DATA BLOCK:
++++++++++

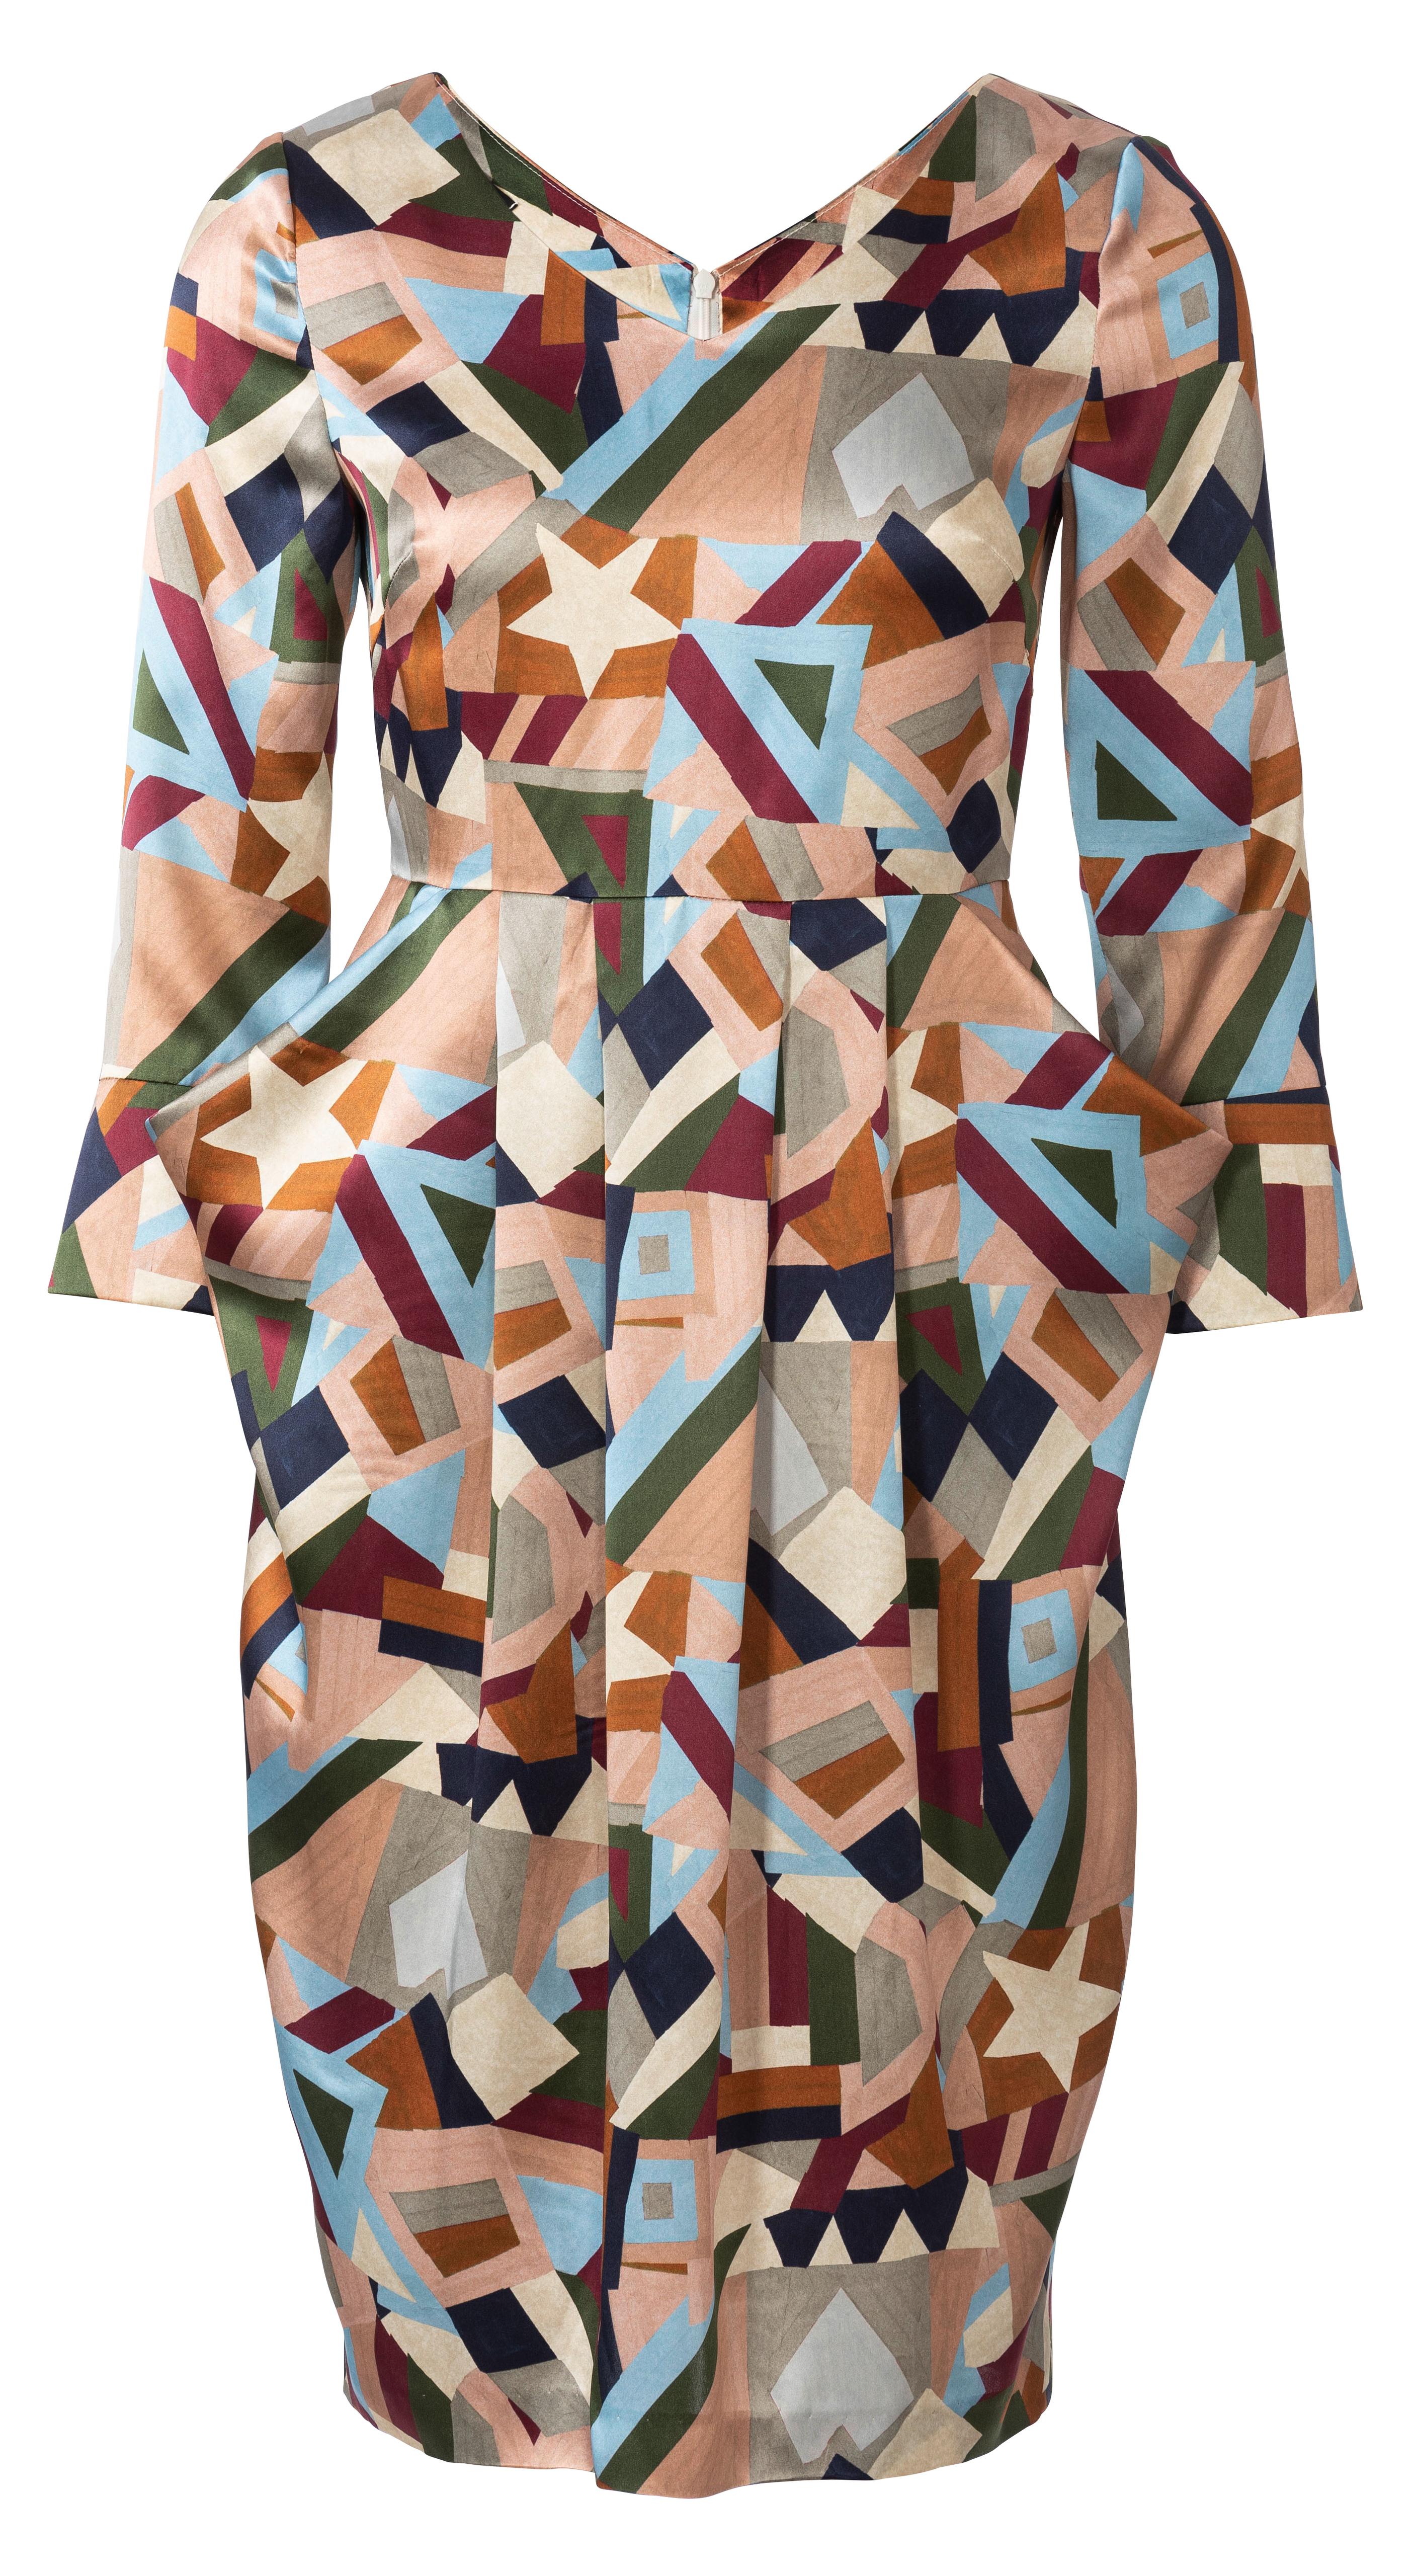 Burda B6224 Dress Sewing Pattern
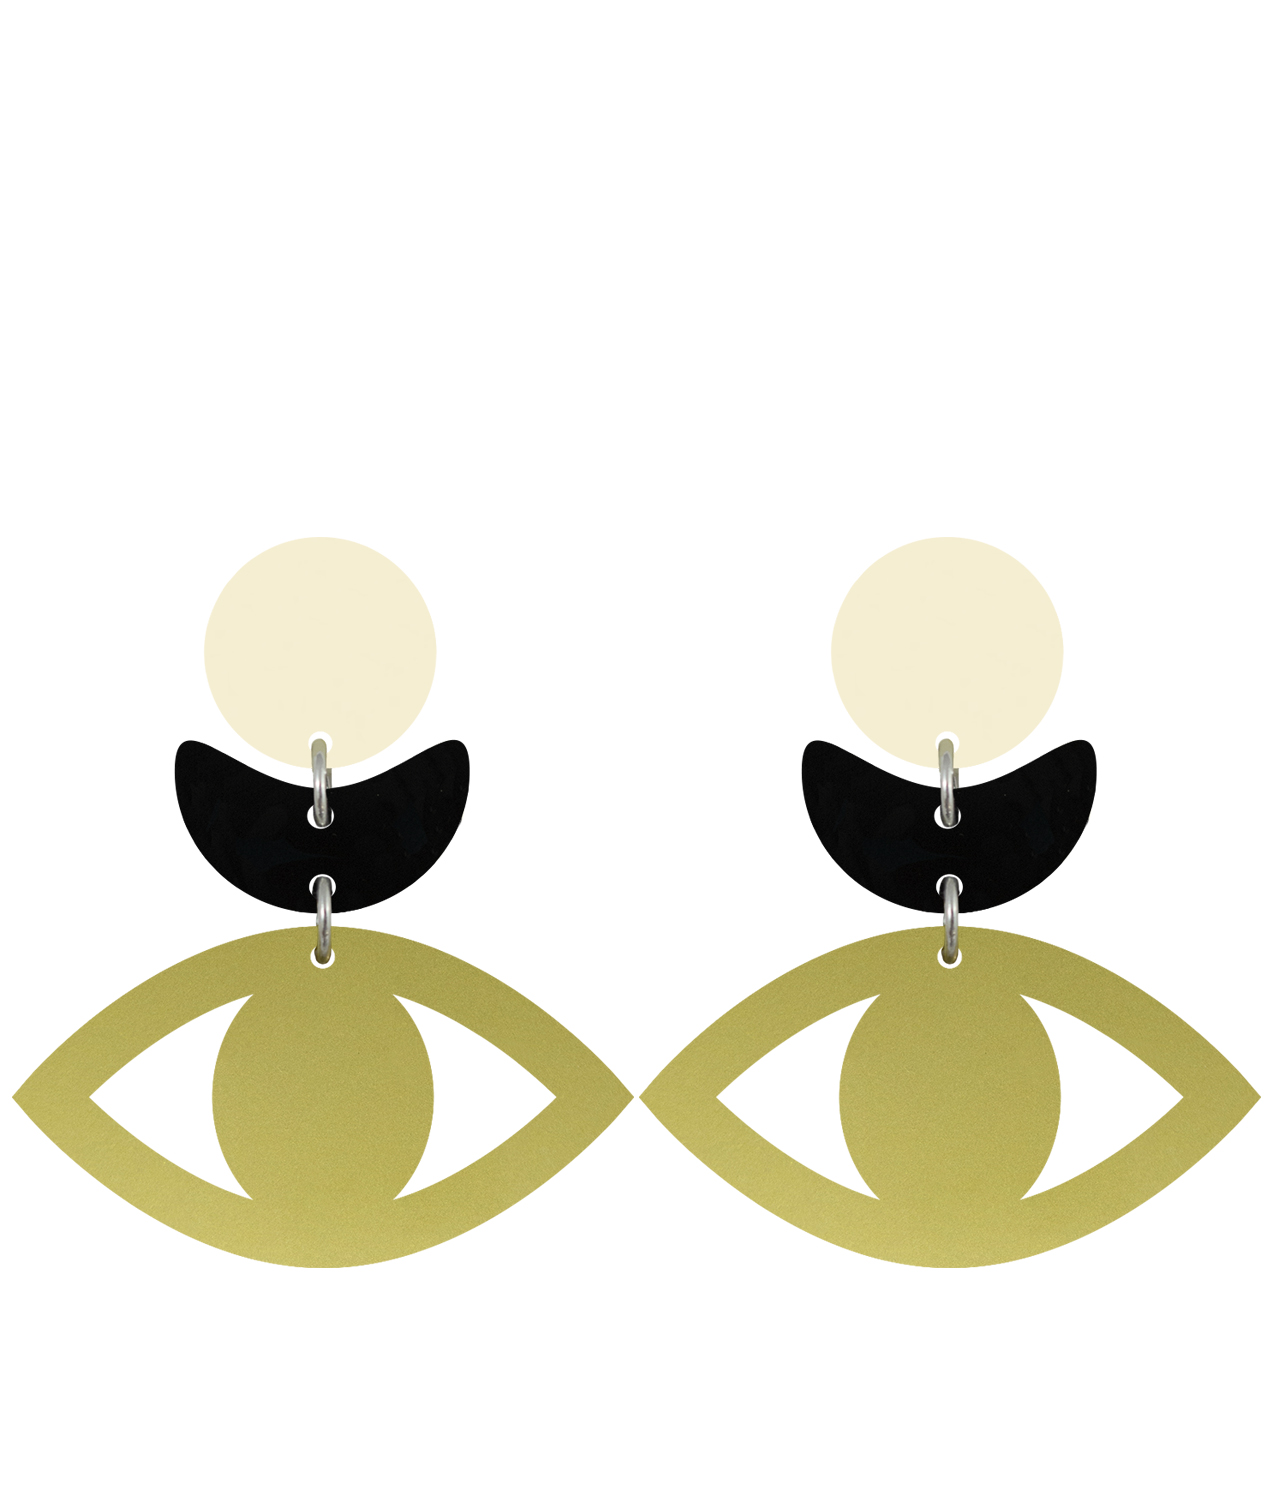 Orella Jewelry Olimpia Earrings Golden
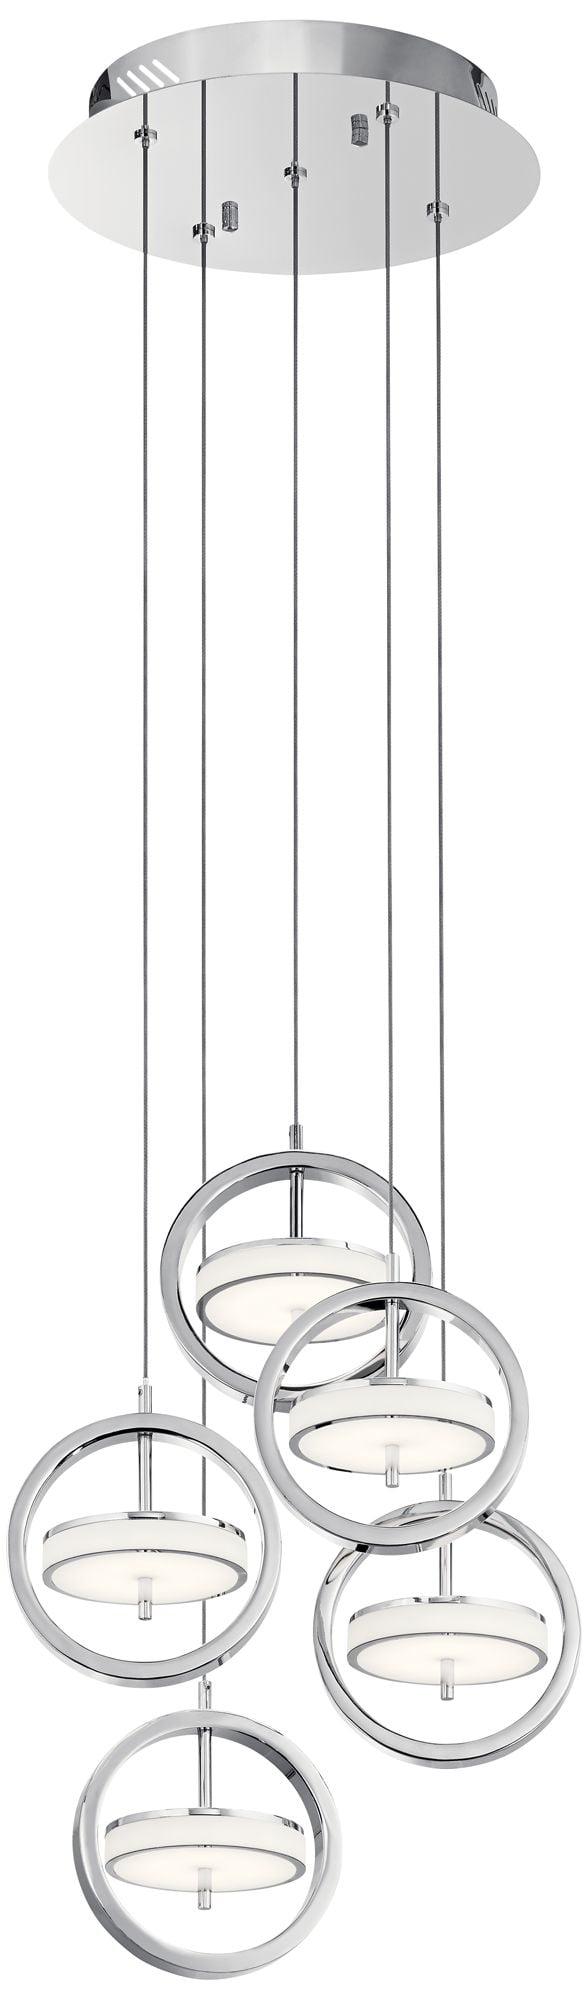 Elan Metro Sleek Chrome 5-Light LED Globe Pendant with Acrylic Shades

++++++++++

EXERCISE: If a picture appears in the data, omit it; transcribe all the rest exactly.

ANSWER SECTION:
 Burda B6224 Dress Sewing Pattern
 Orella Jewelry Olimpia Earrings Golden
 Elan Metro Sleek Chrome 5-Light LED Globe Pendant with Acrylic Shades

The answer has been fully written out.